Lightweight Cryptoprocessor Architecture for Tiny IoT Edge Devices

Research Director

Yuko Hara-Azumi Professor, School of Engineering Associate, Tokyo Institute of Technology

Collaborators

Yang Li Professor, Graduate School of Informatics and Engineering Associate, The University of Electro-Communications

Description

Side-channel attacks that attempt to obtain personal information via physical information (e.g., power consumption) leaked from IoT edge devices are becoming serious by the advancing AI technologies. This project addresses small, low-power, and secure IoT system developments that can increase the physical security of IoT edge devices. For the realization of the secure IoT society, we develop an integrated system, which combines a novel cryptoprocessor architecture and lightweight cryptographic software implementation, on an IoT-oriented security evaluation platform assuming AI-based attacks.

Construction of High-accurate Prediction Model from Limited Supervised Data

Research Director

Tatsuya Harada Professor, Research Center for Advanced Science and Technology, The University of Tokyo

Collaborators

Masashi Sugiyama Team Leader, RIKEN Center for Advanced Intelligence Project

Description

The purpose of this project is to realize theories and algorithms for learning a high-accurate prediction model from only a small number of labeled or weakly labeled data and to develop an automatic calculation system for them. With the success of machine learning in recent years, prediction accuracy has been dramatically improved. Still, the problem remains that enormous amounts of labeled data are needed to obtain high prediction accuracy, which requires a great deal of human labor. Therefore, in this research, we will tackle this problem from the viewpoints of weakly supervised learning, knowledge transfer, and automatic learning for them.
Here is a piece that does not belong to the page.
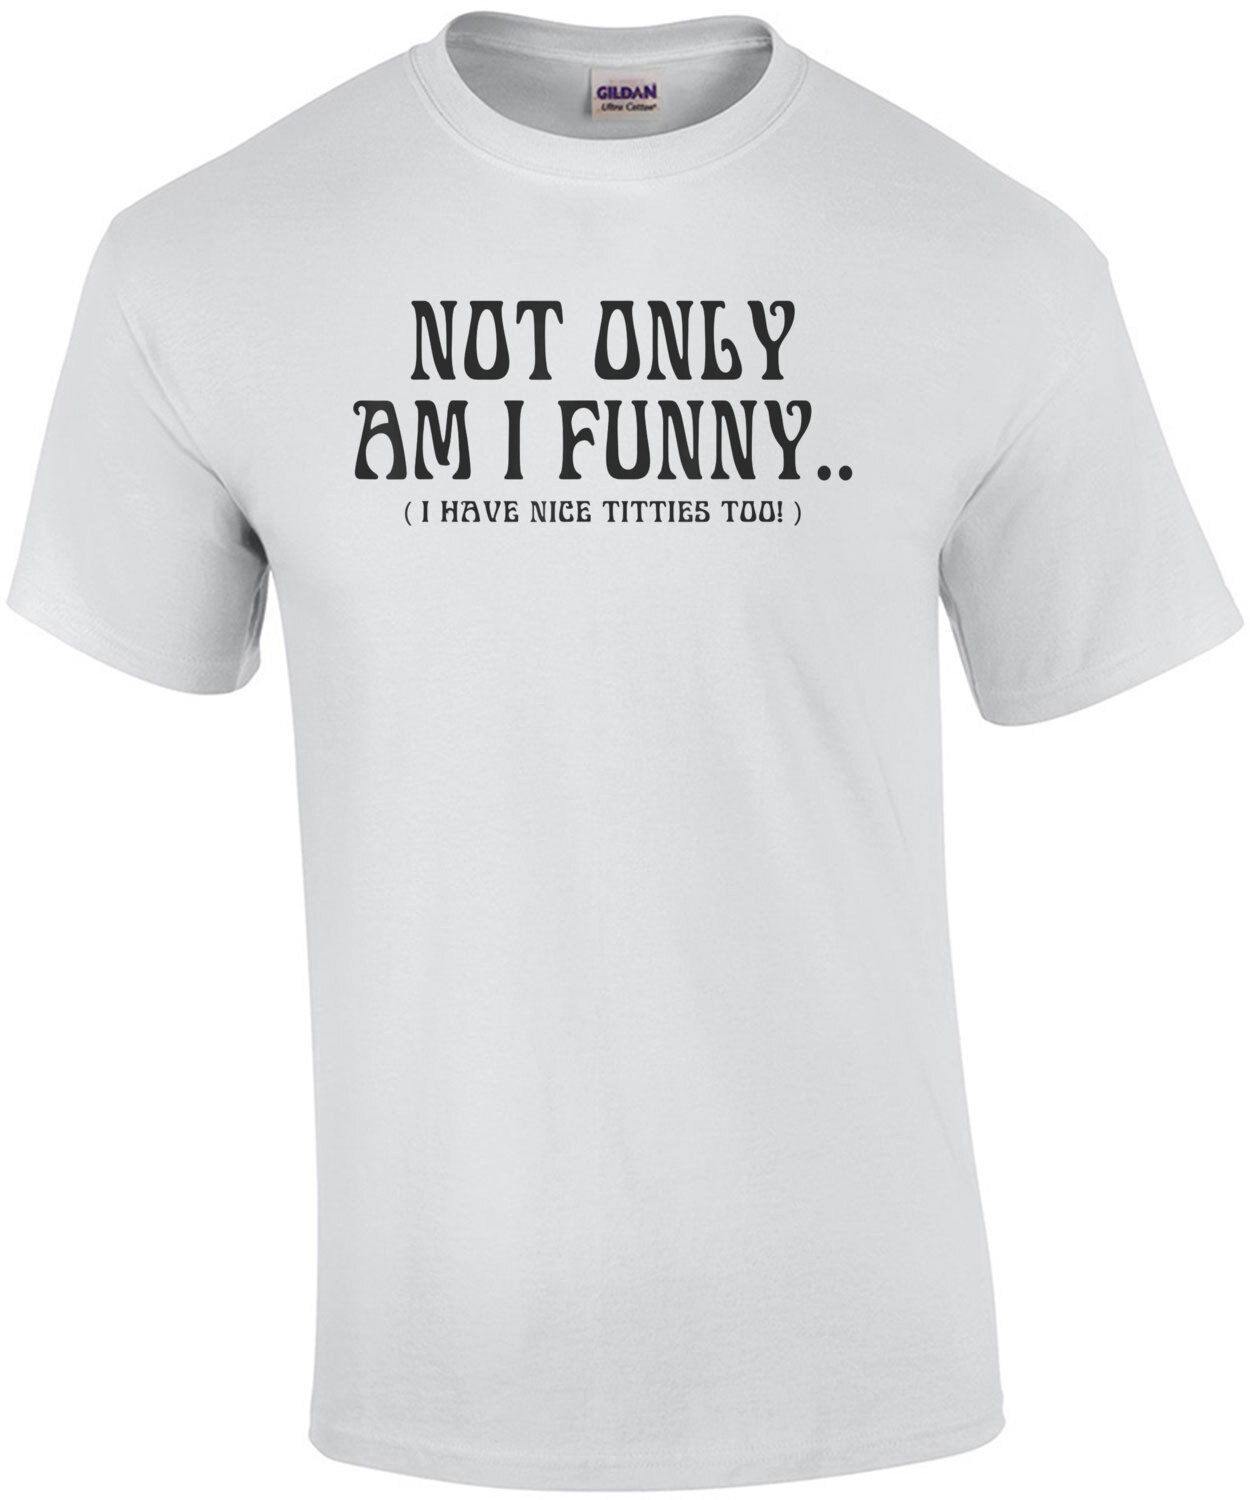 Not Only Am I funny, I have Nice Titties Too Funny Shirt

Cosmology with Big Astronomcal Data Using Innovative Image Analysis Methods

Research Director

Naoki Yoshida Professor, University of Tokyo Institutes for Advanced Study,

Collaborators

Naonori Ueda Head of Ueda Research Laboratory/NTT Fellow, NTT Communication Science Laboratories,
Masaomi Tanaka Associate Professor, Graduate School of Science,
Shiro Ikeda Professor, The Institute of Statistical Mathematics,
Kiyotomo Ichiki Associate Professor, Graduate School of Science,
Takahiro Nishimichi Associate Professor, Yukawa Institute for Theoretical Physics,

Description

We analyse a large set of data from Subaru HSC and Tomo-e Gozen. We detect and classify automatically distant supernovae and rare transient phenomena. To this end, we develop novel methods for analysing peta-bytes imaging data and for data compression. We aim at detecting gravitational lensing signals from images of millions of galaxies. Finally, we develop a fast emiulator that calculates statistical quantities that characterize the large-scale distribution of matter in the Universe.